We load the FashionMNIST Dataset with the following parameters:
- root is the path where the train/test data is stored,
- train specifies training or test dataset,
- download=True downloads the data from the internet if it’s not available at root.
- transform and target_transform specify the feature and label transformations
Transformation pipeline¶
in order to be processed better by our algorithm, we define a standard transformation pipeline that will be applied to the images in the dataset. It uses the torchvision.transforms
module, which provides several classes to perform transformations on images, such as resizing, cropping, normalization...
The transforms.Compose
function takes a list of transformations and combines them into a single function that is applied to the data. Here, it includes two transformations:
transforms.ToTensor()
: This converts the image, which is usually loaded as a PIL (Python Imaging Library) image, into a PyTorch tensor. It also scales the image's pixel intensity values, which are typically between 0 and 255, to be between 0 and 1.transforms.Normalize((0.5, 0.5, 0.5), (0.5, 0.5, 0.5))
: This normalizes the image by subtracting the mean and dividing by the standard deviation. The arguments to the function are the means and standard deviations for each color channel. Here, (0.5, 0.5, 0.5) for both mean and standard deviation implies that it will bring the pixel values from a range of [0,1] to [-1,1].
This is a very common normalization strategy, which helps keep pixel values small and on a similar scale, which can help with the training of the neural network.
# Define the transformation above to apply
transform = transforms.Compose([
transforms.ToTensor(),
transforms.Normalize((0.5, 0.5, 0.5), (0.5, 0.5, 0.5)) # Normalize to range [-1, 1]
])
# Load the CIFAR10 training data
trainset = torchvision.datasets.CIFAR10(root='./data', train=True, download=True, transform=transform)
trainloader = torch.utils.data.DataLoader(trainset, batch_size=4, shuffle=True, num_workers=2)
# Load the CIFAR10 testing data
testset = torchvision.datasets.CIFAR10(root='./data', train=False, download=True, transform=transform)
testloader = torch.utils.data.DataLoader(testset, batch_size=4, shuffle=False, num_workers=2)
# Define the classes in the CIFAR10 dataset
classes = ('plane', 'car', 'bird', 'cat', 'deer', 'dog', 'frog', 'horse', 'ship', 'truck')
Files already downloaded and verified Files already downloaded and verified
What is CNN 🤔¶
A Convolutional Neural Network (CNN), or ConvNet
, is a type of neural network that is particularly good at processing grid-like data, such as images. These networks use a mathematical operation called convolution, which is essentially a dot product between two matrices. In the case of a CNN, these matrices are the input data (e.g., an image) and a set of learnable parameters known as a kernel or filter.
Convolution¶
A convolution is a mathematical operation that is a special kind of linear operation. In our case we will focus on the convolution product. The idea behind it is to generalizes the idea of moving average and is the mathematical representation of the notion of linear filter. It applies both to temporal data (in signal processing for example) and to spatial data (in image processing). Because a clear image is better than a theorical explanation 🤓 :
Convolution in CNN¶
The convolution process in a CNN involves taking a small, square matrix of numbers (called a kernel or filter), and passing it over an input image to produce a transformed output image (called a feature map or convolved feature).

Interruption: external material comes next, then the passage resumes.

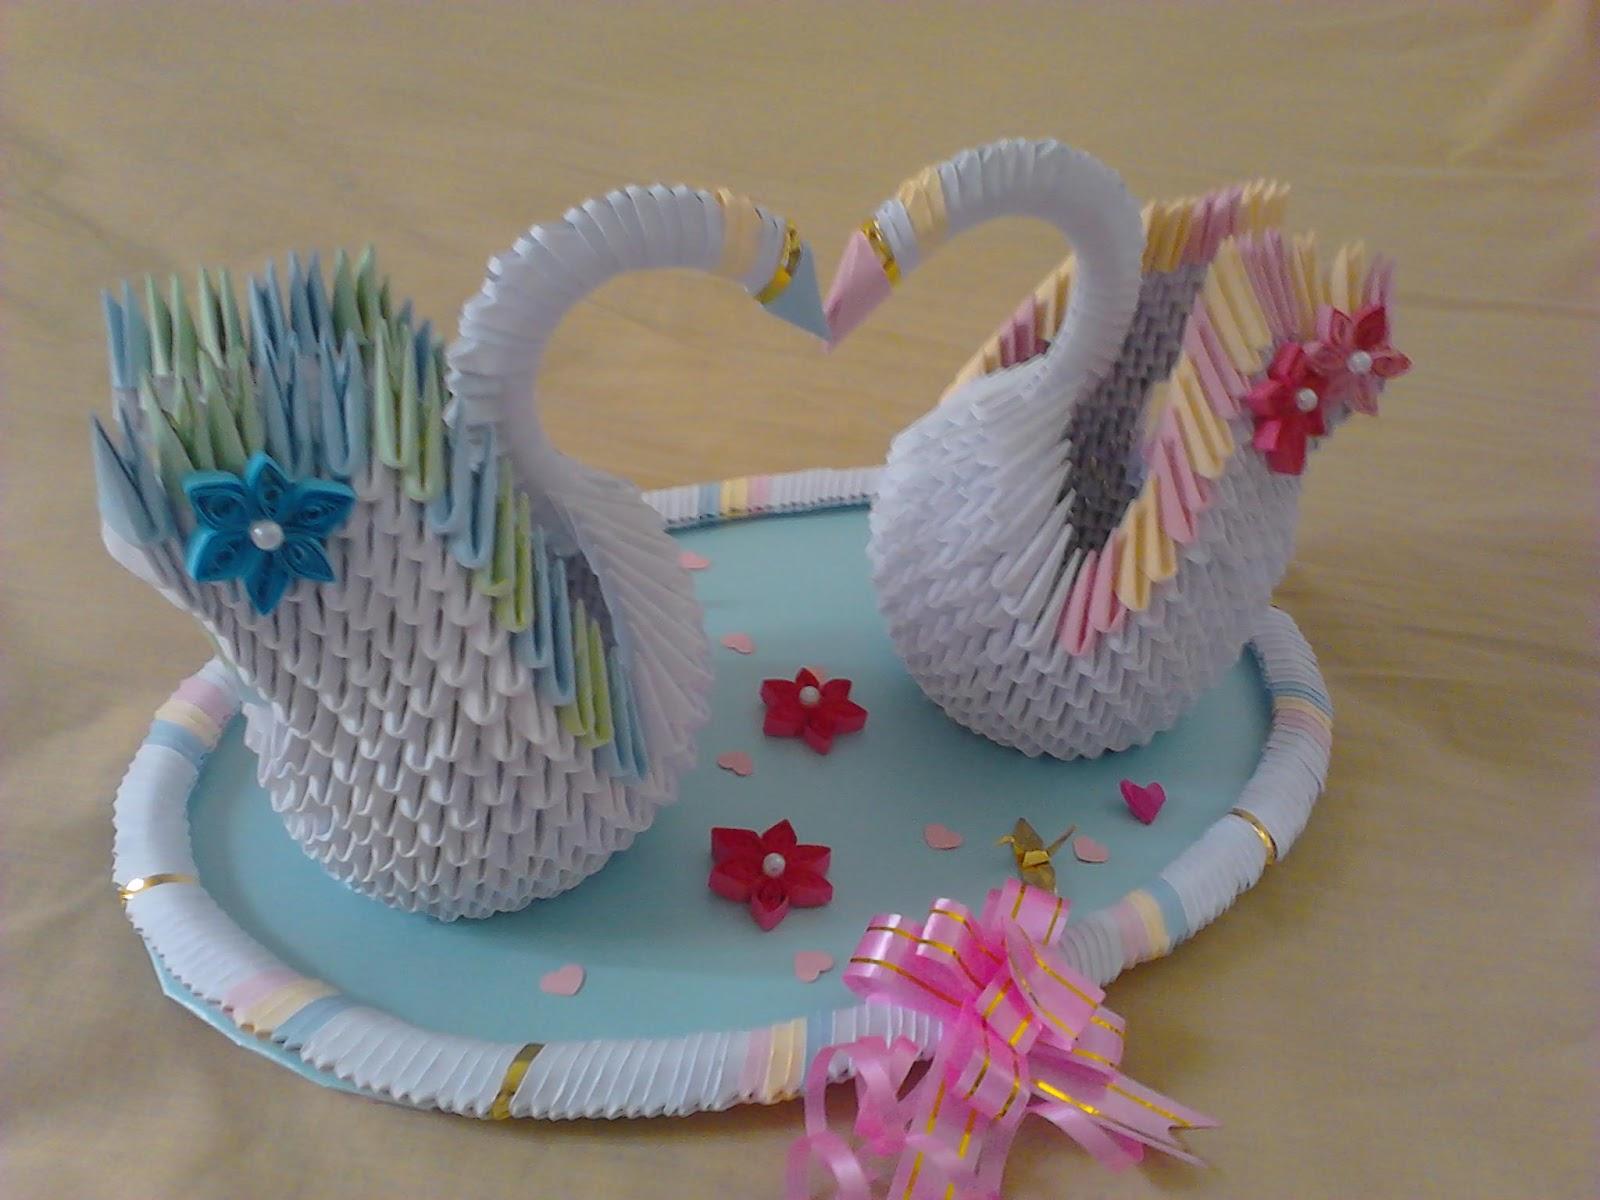 Jewellia handicrafts: 3D origami wedding swans - photo#39

In the CNN architecture, the kernel is a set of learnable weights. During the convolution process, the kernel is moved across the image, one pixel at a time. At each position, the kernel is overlaid on a portion of the image, and a dot product operation is performed between the values in the kernel and the overlaid image pixels. The results of these dot products are summed up to produce a single pixel in the output feature map like the animation below :
CNN Architecture overview¶
Here's a high-level overview of the major components of a CNN:
Convolution Layer¶
This layer performs the convolution operation, which in the context of a CNN is a dot product between the input data and a set of learnable parameters, or kernels. The kernels slide across the input data, calculating the dot product at each position, to produce an output known as an activation map. The formula for the output volume of a convolutional layer is given as:
$$W_{out} = (W - F + 2P) / S + 1$$ $$H_{out} = (H - F + 2P) / S + 1$$ $$D_{out} = K$$
Where $W$ and $H$ are the width and height of the input volume, $F$ is the size of the filter, $P$ is the padding, $S$ is the stride, and $K$ is the number of filters used.

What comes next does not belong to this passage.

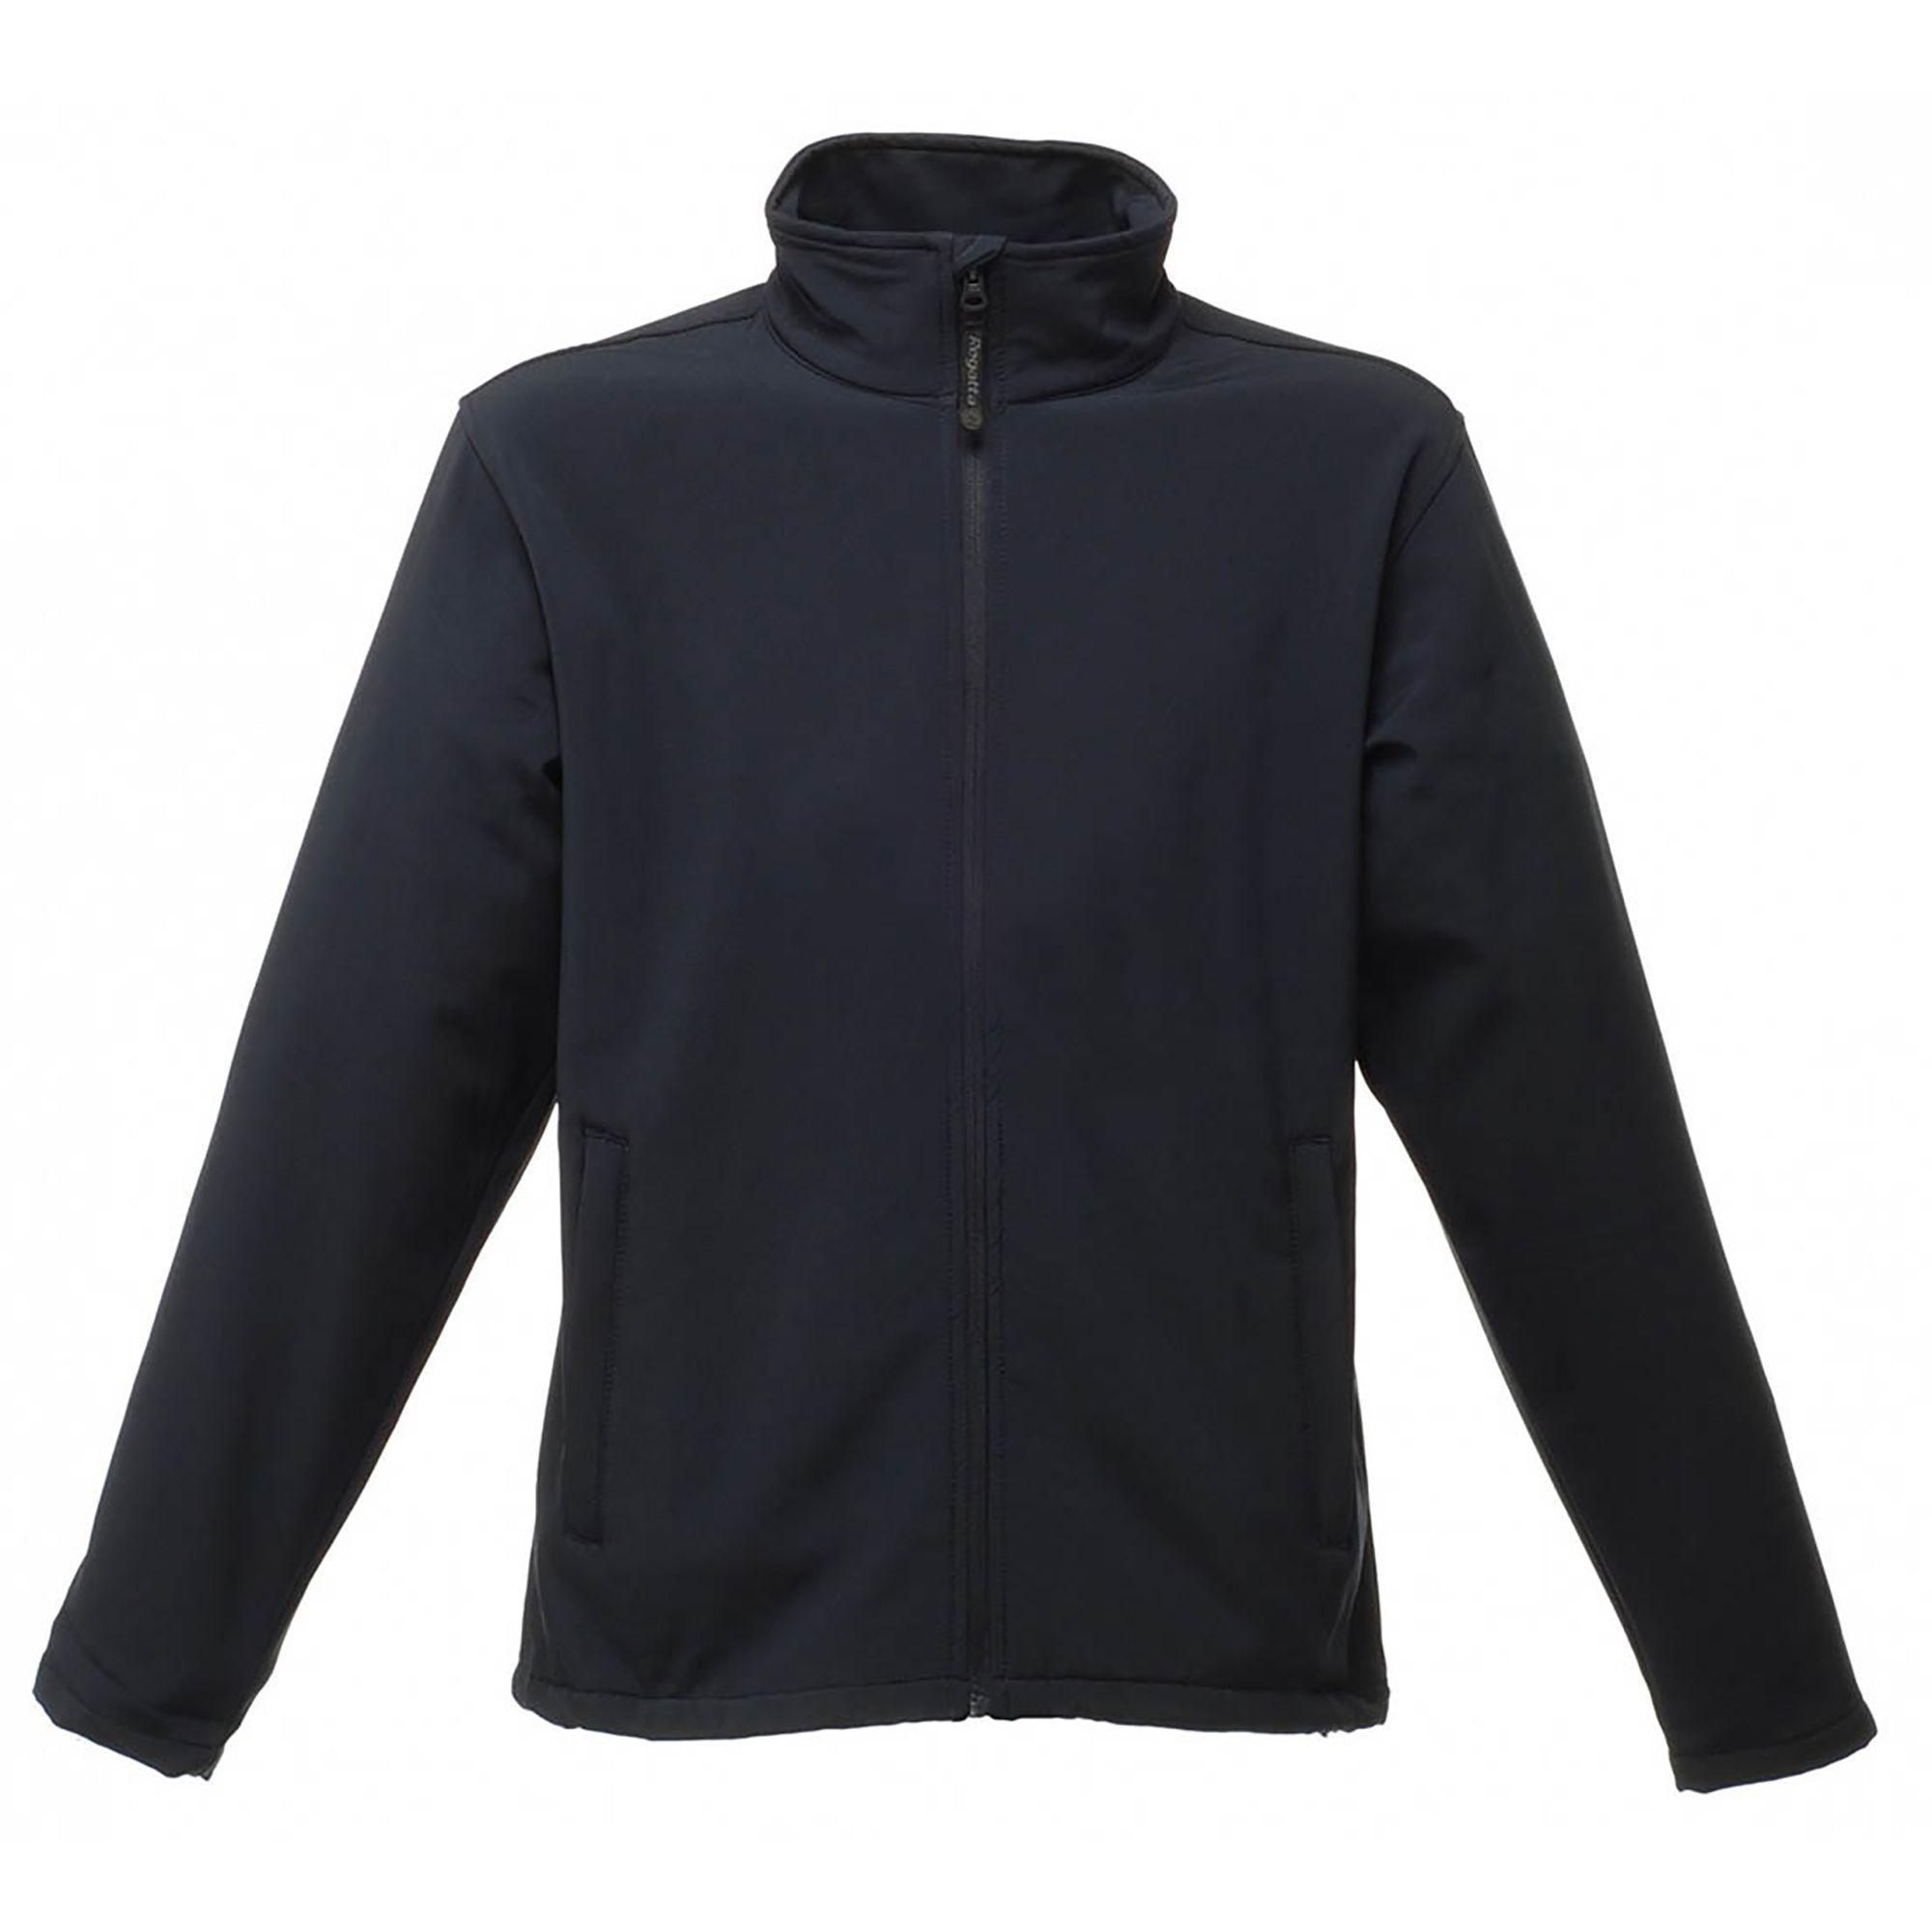 Regatta Reid Mens Softshell Wind Resistant Water Repellent Jacket

Non-Linearity Layers (ReLU, Sigmoid, Tanh)¶
These layers are used to introduce non-linearity to the activation map because the convolution operation is a linear operation. The most popular non-linearity function is the Rectified Linear Unit (ReLU), which simply thresholds the input at zero (i.e., negative values are set to zero). See more details in the Deep learning section.
Pooling Layer¶
This layer reduces the spatial dimensions of the input (height and width) while maintaining the depth. It does this by applying a pooling function (like max pooling, which takes the maximum value) over the input volume. The formula for the output volume of a pooling layer is given as:
$$W_{out} = (W - F) / S + 1$$ $$H_{out} = (H - F) / S + 1$$ $$D_{out} = D$$
Where $W$ and $H$ are the width and height of the input volume, $D$ is the depth of the input volume, $F$ is the size of the filter, and $S$ is the stride. Below, here is an illustration of two famous pooling :
Fully Connected Layer (Dense)¶
Neurons in this layer have full connections to all activations in the previous layer. This layer is usually the last layer in a CNN and computes the class scores, which are the final output of the network.
A typical CNN architecture might look something like this:
Implementation¶
For our example let's simplify the architecture above by implementing only :
$$INPUT → [CONV2D + MaxPooling2D] → [CONV2D] → [FC]*3$$
Play with our data¶
testloader.dataset
Dataset CIFAR10 Number of datapoints: 10000 Root location: ./data Split: Test StandardTransform Transform: Compose( ToTensor() Normalize(mean=(0.5, 0.5, 0.5), std=(0.5, 0.5, 0.5)) )
type(testloader.dataset)
torchvision.datasets.cifar.CIFAR10
As you can see is not very easy to handle a torchvision.datasets
object. Let's dive into it in order to print some example images of our dataset.
data_ex = iter(testloader)
data, label = next(data_ex)
- data_ex = iter(testloader): This line is creating an iterator over the DataLoader testloader. This allows us to fetch samples from it using the next function.
- data, label = next(data_ex): This line fetches the next batch from the DataLoader. The DataLoader returns a batch of images and their corresponding labels.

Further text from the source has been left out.